What can it hurt??  Do you all think this is ok?  He wants to give her ONE more chance and he wants an aggressive dog for protection.  If he has her trained by EXPERTS that work with aggressive dogs, and she works out that would be great and what he's looking for and if not, he can have her put to sleep.

My daughter says he was so good to his other dog and he wants another dog desparately.   He told her that he'd keep me informed of her progress or lack of and even let me know if she has to be put to sleep.

ADVICE????  Should I give Petra this LAST CHANCE or put her to sleep today?     ???   :-\   

I know I'm wearing everyone out with this issue, but it's so hard for me to decide what to do and since I'm not so objective today, maybe you all could help.

Sherry
: Re: ADVICE @ PETRA??? HELP!
: Good Hope December 11, 2005, 02:03:39 PM
Please, Sherry, don't do that!!!

Dogs trained for protection work need a stable temperament, and Petra does not have that.  It would make her MUCH more dangerous.

So PLEASE do NOT give her to this policeman.

Sofia
: Re: ADVICE @ PETRA??? HELP!
: Icerotti December 11, 2005, 02:05:46 PM
I say give her the chance. She will be trained by experts. They can decide from there if she will be trainable and an asset to this ex officer. My husband is a cop and I know the precise and expertise training they provide for these dogs. He is aware of the aggression prob you are having it is not like you are trying to pull the wool over his eyes. Perhaps this will be Petras calling in life!
I think she needs the chance ;)

No matter what you decide I will support you ;)
: Re: ADVICE @ PETRA??? HELP!
: lins_saving_grace December 11, 2005, 02:06:55 PM
I would.  If I were in your shoes...I'd let Petra go with him. 
: Re: ADVICE @ PETRA??? HELP!
: lins_saving_grace December 11, 2005, 02:07:48 PM
you're not wearing us out with this...not at all.  It's a hard decision to make.
: Re: ADVICE @ PETRA??? HELP!
: smohr December 11, 2005, 02:08:57 PM
:(  I guess I know that; I was grasping at thin air.   :'(

The officer probably is too; he lost a beloved pet and doesn't want to see a pet put down w/o giving her another chance. 

He's probably like me; thinks he can be the knight who saves the day and pulls out a miracle.   :-[

Oh well....

Thanks.

Sherry
: Re: ADVICE @ PETRA??? HELP!
: newflvr December 11, 2005, 02:11:03 PM
Oh, Sofia, as much as I agree with you rationally, but, emotionally, if I was Sherry, I think I'd give it a try!  Maybe, just maybe it could work out....I just don't think anybody knows what's going on in Petra's head. If there are experts who specialize in working with aggressive dogs, maybe she could be molded to do good instead of letting her bad bits surface.  At the very least, maybe it could give some peace to the entire family that EVERYTHING was tried.....

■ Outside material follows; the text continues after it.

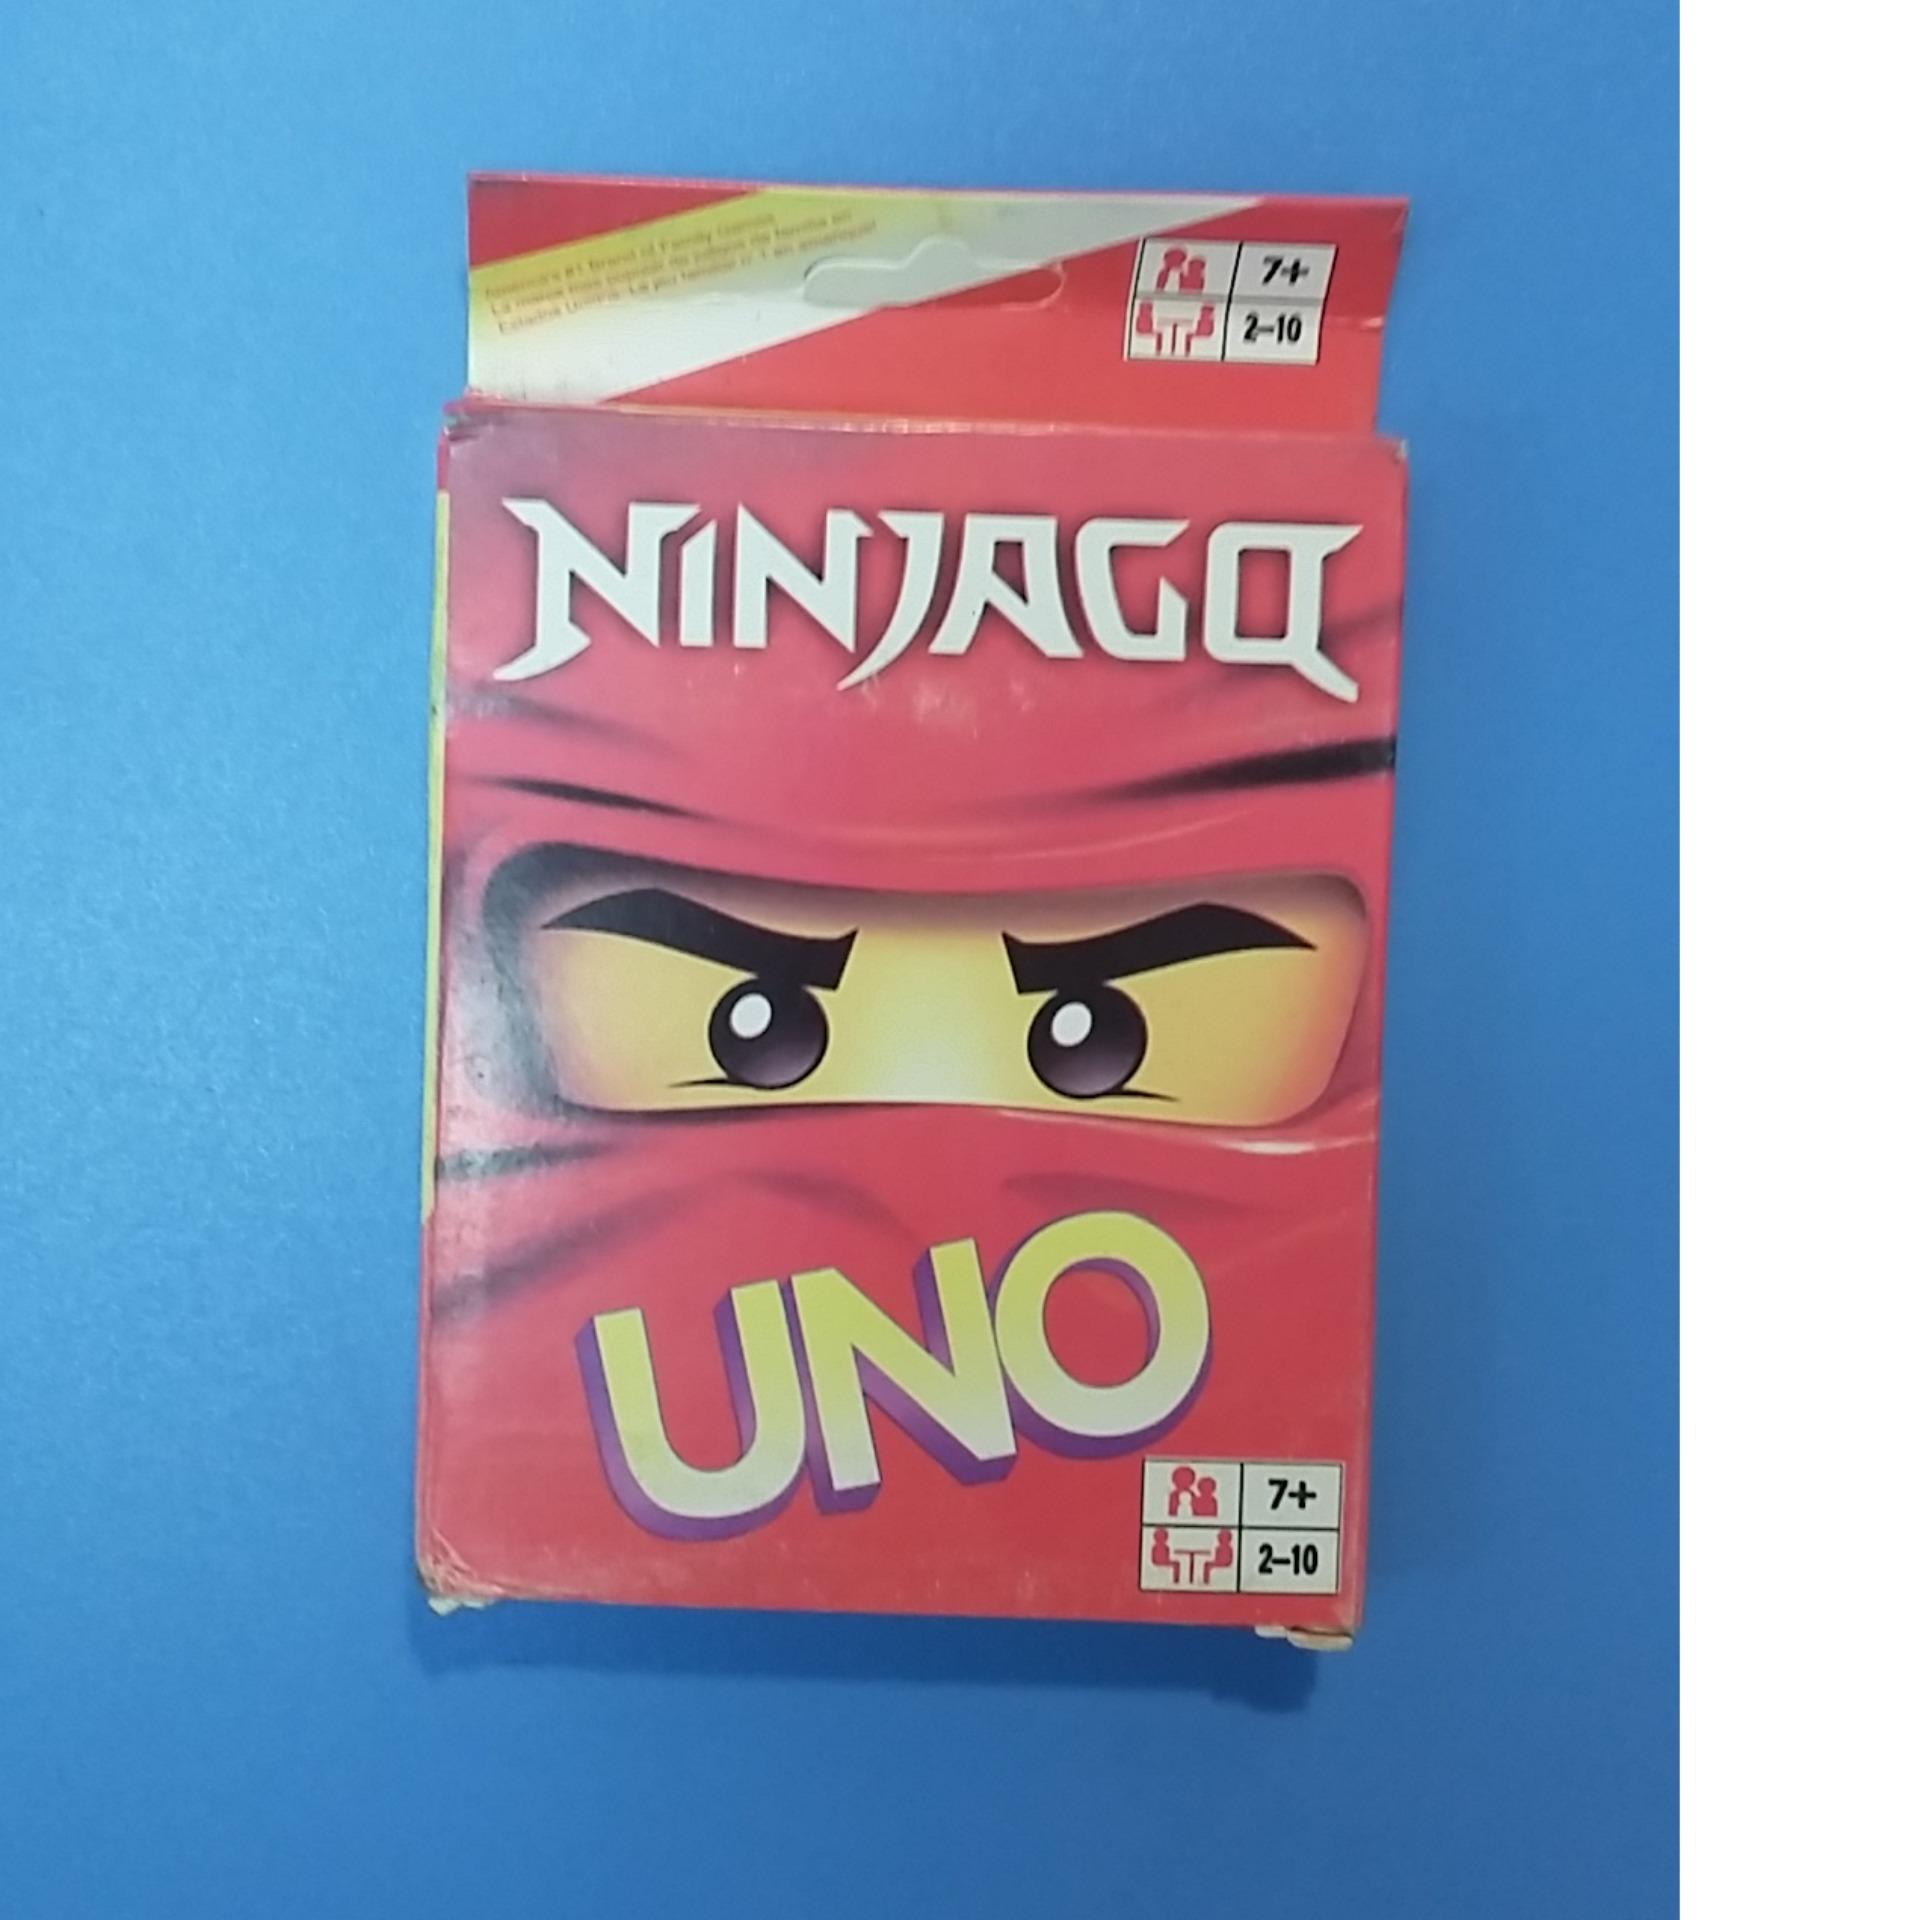 Đằng sau những chiếc bài Uno Ninjago là câu chuyện về những anh hùng, những trận đấu đầy kịch tính. Hãy cùng trải nghiệm trò chơi Uno với bộ thẻ bài Ninjago đầy bí ẩn và hấp dẫn. Xem hình ảnh để khám phá về bộ thẻ Uno Ninjago.

I realize that this may be bad advice, but I will do anything to avoid guilt....and if wiser heads prevail and you decide to keep the appointment at 3:00, I completely understand!  You must do what is right for your family!  And I support you in whatever you choose!!!
: Re: ADVICE @ PETRA??? HELP!
: Moni December 11, 2005, 02:11:32 PM
They can decide from there if she will be trainable and an asset to this ex officer.

I agree.  They'll be able to tell with her background and testing if she'll qualify for the training.

But its also your decision Sherry, and I'm sure you'll be supported here no matter what.  Good luck!
: Re: ADVICE @ PETRA??? HELP!
: smohr December 11, 2005, 02:12:33 PM

I think she needs the chance ;)
[/color]

Thanks for your advice too.  I think I'll give this guy a call myself.  I'll try to guage if he sounds sane.  Ha!   ::)
: Re: ADVICE @ PETRA??? HELP!
: mastiffmommy December 11, 2005, 02:14:17 PM
Ohhhhh sherry, I can see how you desperately want to find a way to not having to put her to sleep.

I am by no means an expert in how dogs are trained when they become guard/protection dogs, but I think Good Hope is right, they need to be stable.

I can see how, if it works, it would give her one last chance. On the other hand, since it is required of her to be "aggressive" I wonder if she would feel at peace, or just feel unhappy and angry. I know I am no help at all, because I would probably sit and bang my head to the wall in your situation.

If I am to advice in any direction, I would have to only and ONLY see to what I would have done, and I would have let Petra go to sleep quietly and peacefully, and not having to go through yet another situation that could possibly make her even more aggressive and unhappy.

Life sucks hun, and I feel for you sooo badly. I would if I were you, want to talk to the people who train these dogs, see what they say, ask the methods they use, and what impact it has on the dogs, and why they want aggressive dogs, rather than stable dogs. Just to give myself peace of mind.

Please keep us updated on what you decide.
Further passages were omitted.